1) The policies are far more expensive than ordinary term life insurance. Whatever the death benefit is, I’ve paid a lot more for it.
2) With many of these products, the policies are tied to the mortgage such that, when the house is sold and the mortgage is paid up in the transaction, the policy ends. I paid the insurance company lots of money in premiums. And I have nothing whatever to show for it.

Should you ever consider buying mortgage life insurance?
So, is the message simply ‘don’t buy mortgage life insurance?’ Not quite. It’s more like ‘don’t buy mortgage life insurance if you’re healthy.’ If you’re not healthy, mortgage life insurance has a big advantage: No physical exam is required. One of the reasons it’s expensive is that it’s very easy to get.

But if you’re healthy, you’ll get better coverage at a far better price with a good 15-, 20- or 30-year level-premium term product. If something happens to you, a) your spouse (instead of the mortgage company) gets the death benefit, and b) your spouse gets a much bigger death benefit for the same premium. So, if the priority is paying off the house, there’s a lot more cash available to do it. AND, there’s cash for other needs, current and future.

Note on decreasing term life insurance
This is a type of life insurance that’s rarely seen in the marketplace these days, but if it is, it’s usually in a mortgage term life insurance product. With a policy like this, your death benefit drops year by year, because it’s pegged to your mortgage – which gets smaller as it gets paid down. But the premium payments don’t go down. They stay the same from day one. The insurance company will say that’s because, though the amount they have to pay if you die is going down, the risk that they’ll have to pay it is going up, simply because you’re a year older. So, they argue, it all evens out. That may be a defensible argument, but it just doesn’t “feel right” to most consumers, and decreasing term has fallen out of favor in the marketplace.

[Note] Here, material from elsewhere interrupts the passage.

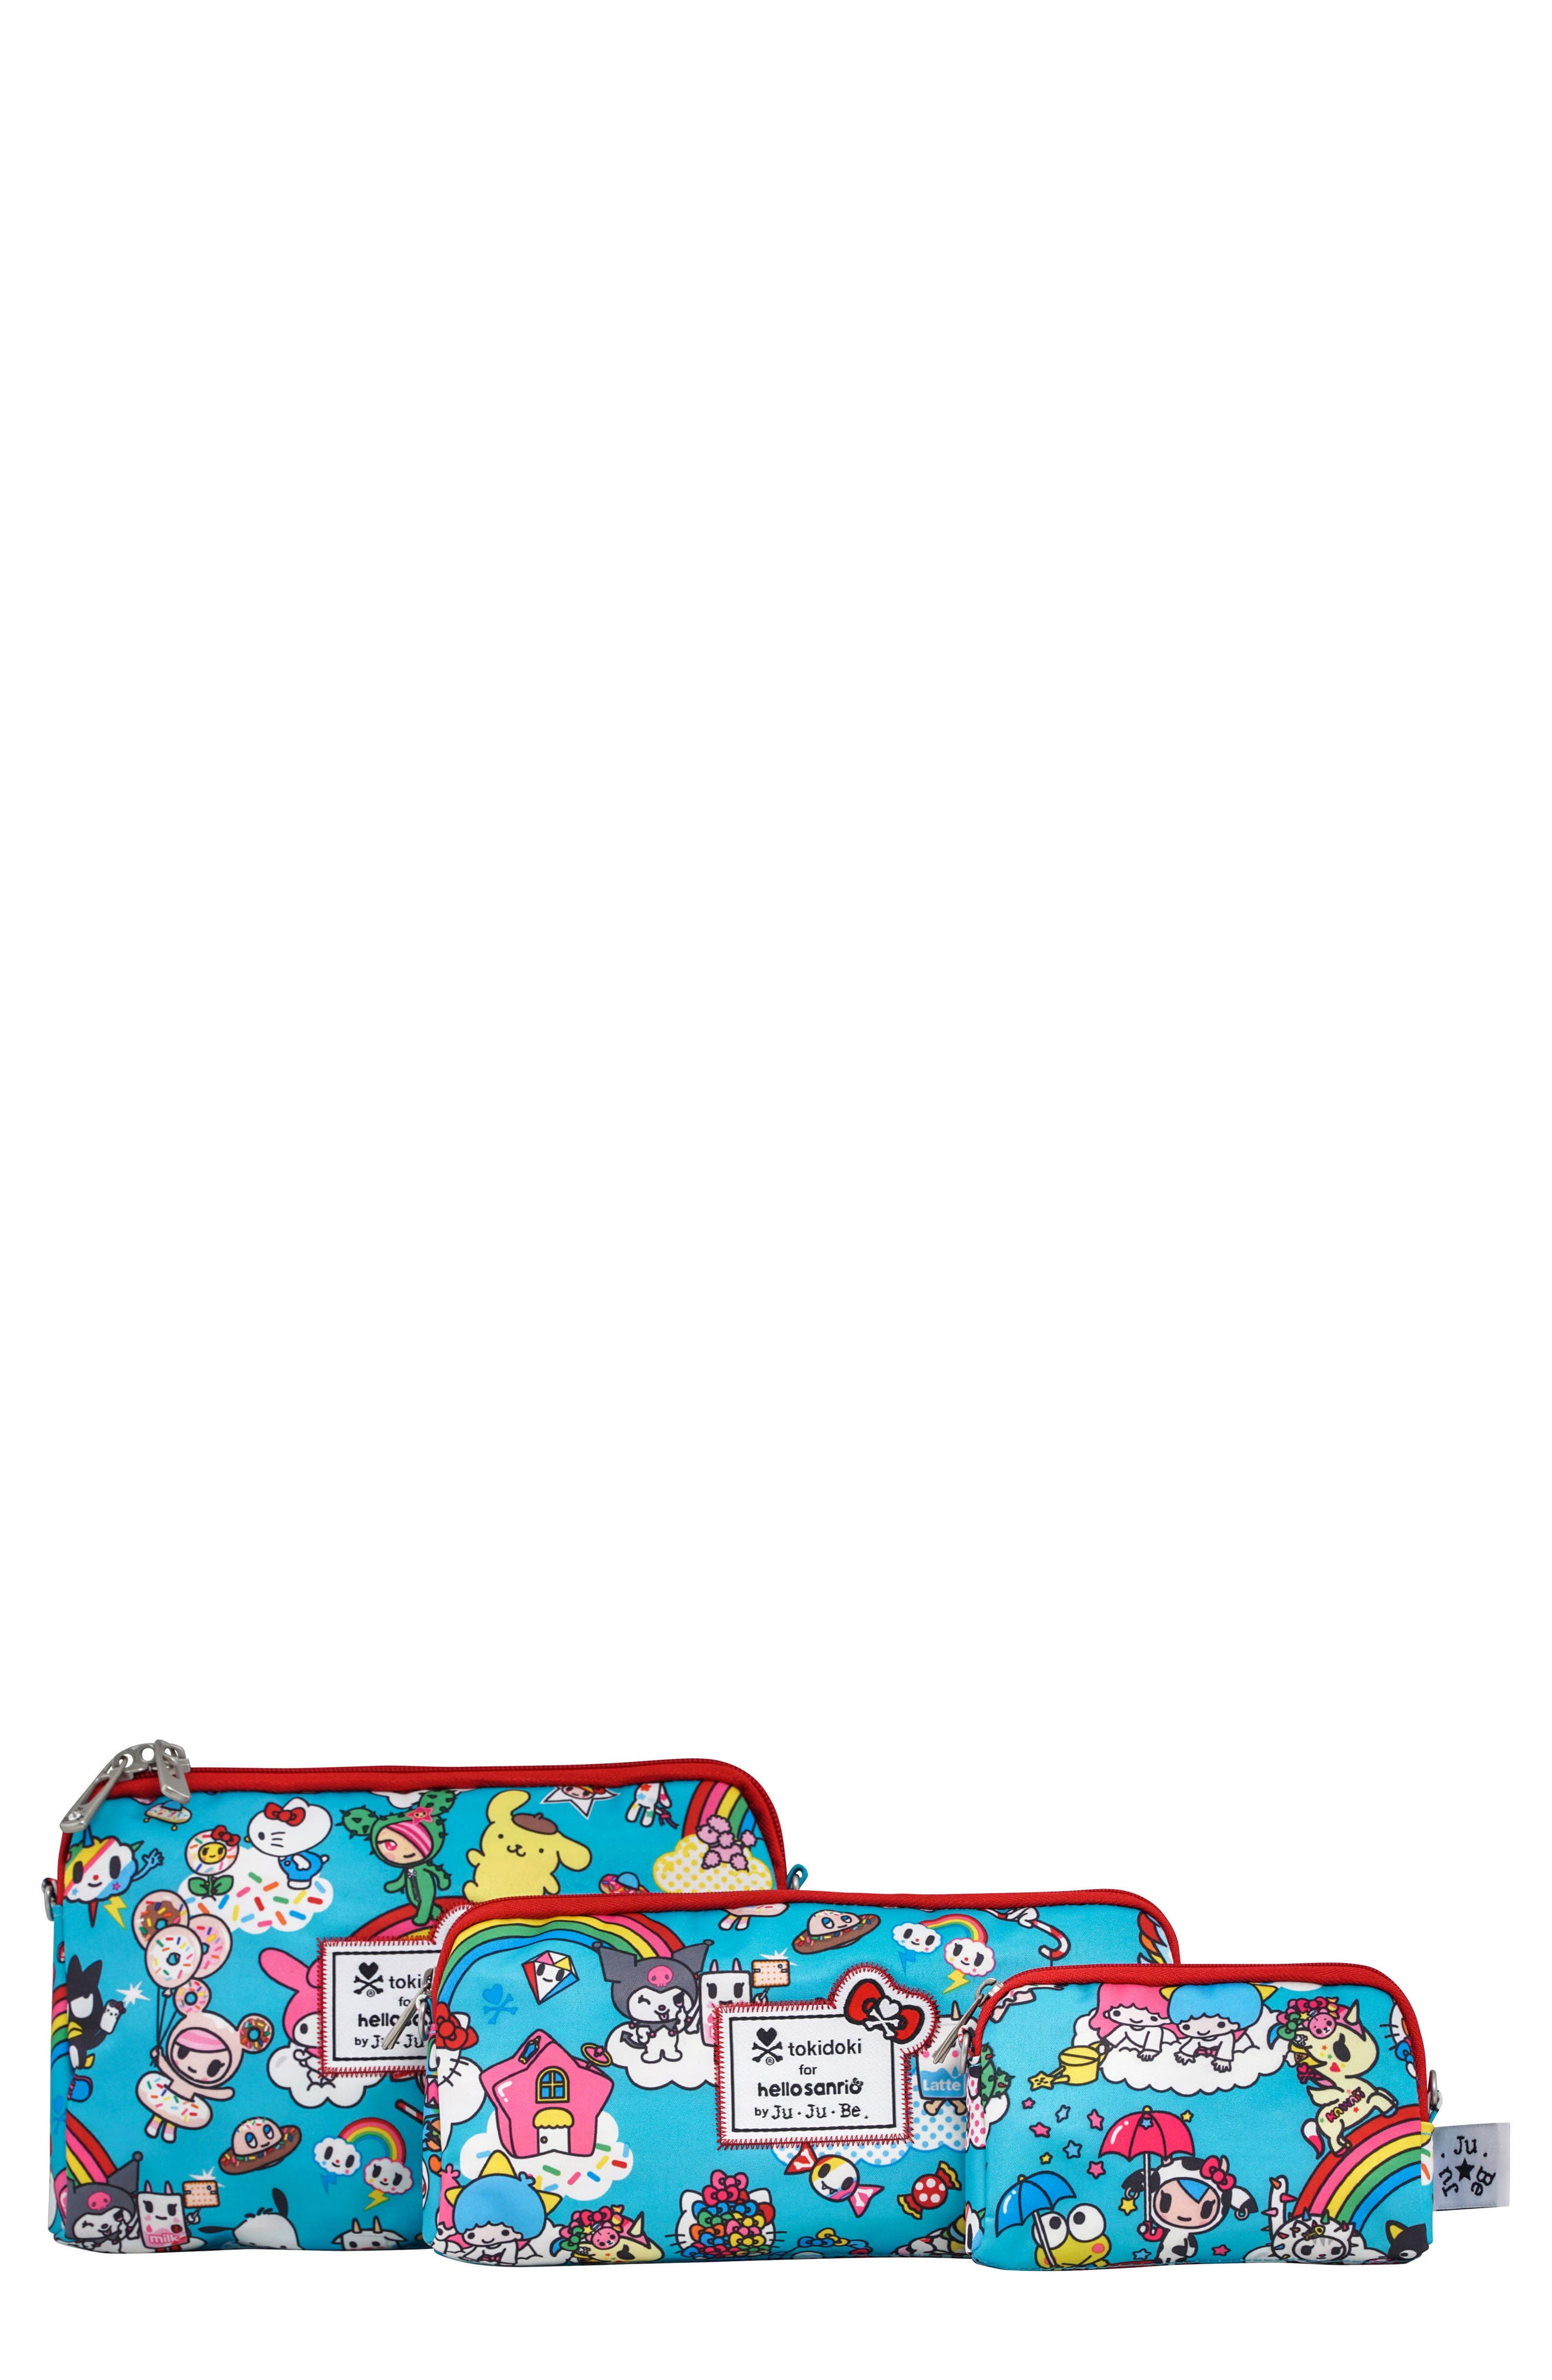 x tokidoki for Hello Sanrio Rainbow Dreams Be Organized Set of 3 Top Zip Cases,                             Main thumbnail 1, color,                             433

Note on return-of-premium term life insurance policies
We mentioned the NAIC statistic – 40 cents paid out for every dollar paid in on mortgage life insurance. Progressive insurance companies are turning the tables completely, offering term life insurance that pays a dollar back for every dollar you put in – if you live. (If you die, the policy will provide a much better payback than dollar-for-dollar.) If you buy one of these return-of-premium (ROP) policies and hold it to term, the company will have made enough on your premium dollars that they can afford to give them all back to you.

It’s a good idea to consider ROP products whenever you’re shopping for term life insurance. But there’s a neat wrap if you’re buying a policy mainly to offset a mortgage liability. Get a 30-year mortgage. Buy a 30-year ROP term policy. When the 30 years are up, the house is yours and all the insurance premiums fly back home too. Sweet.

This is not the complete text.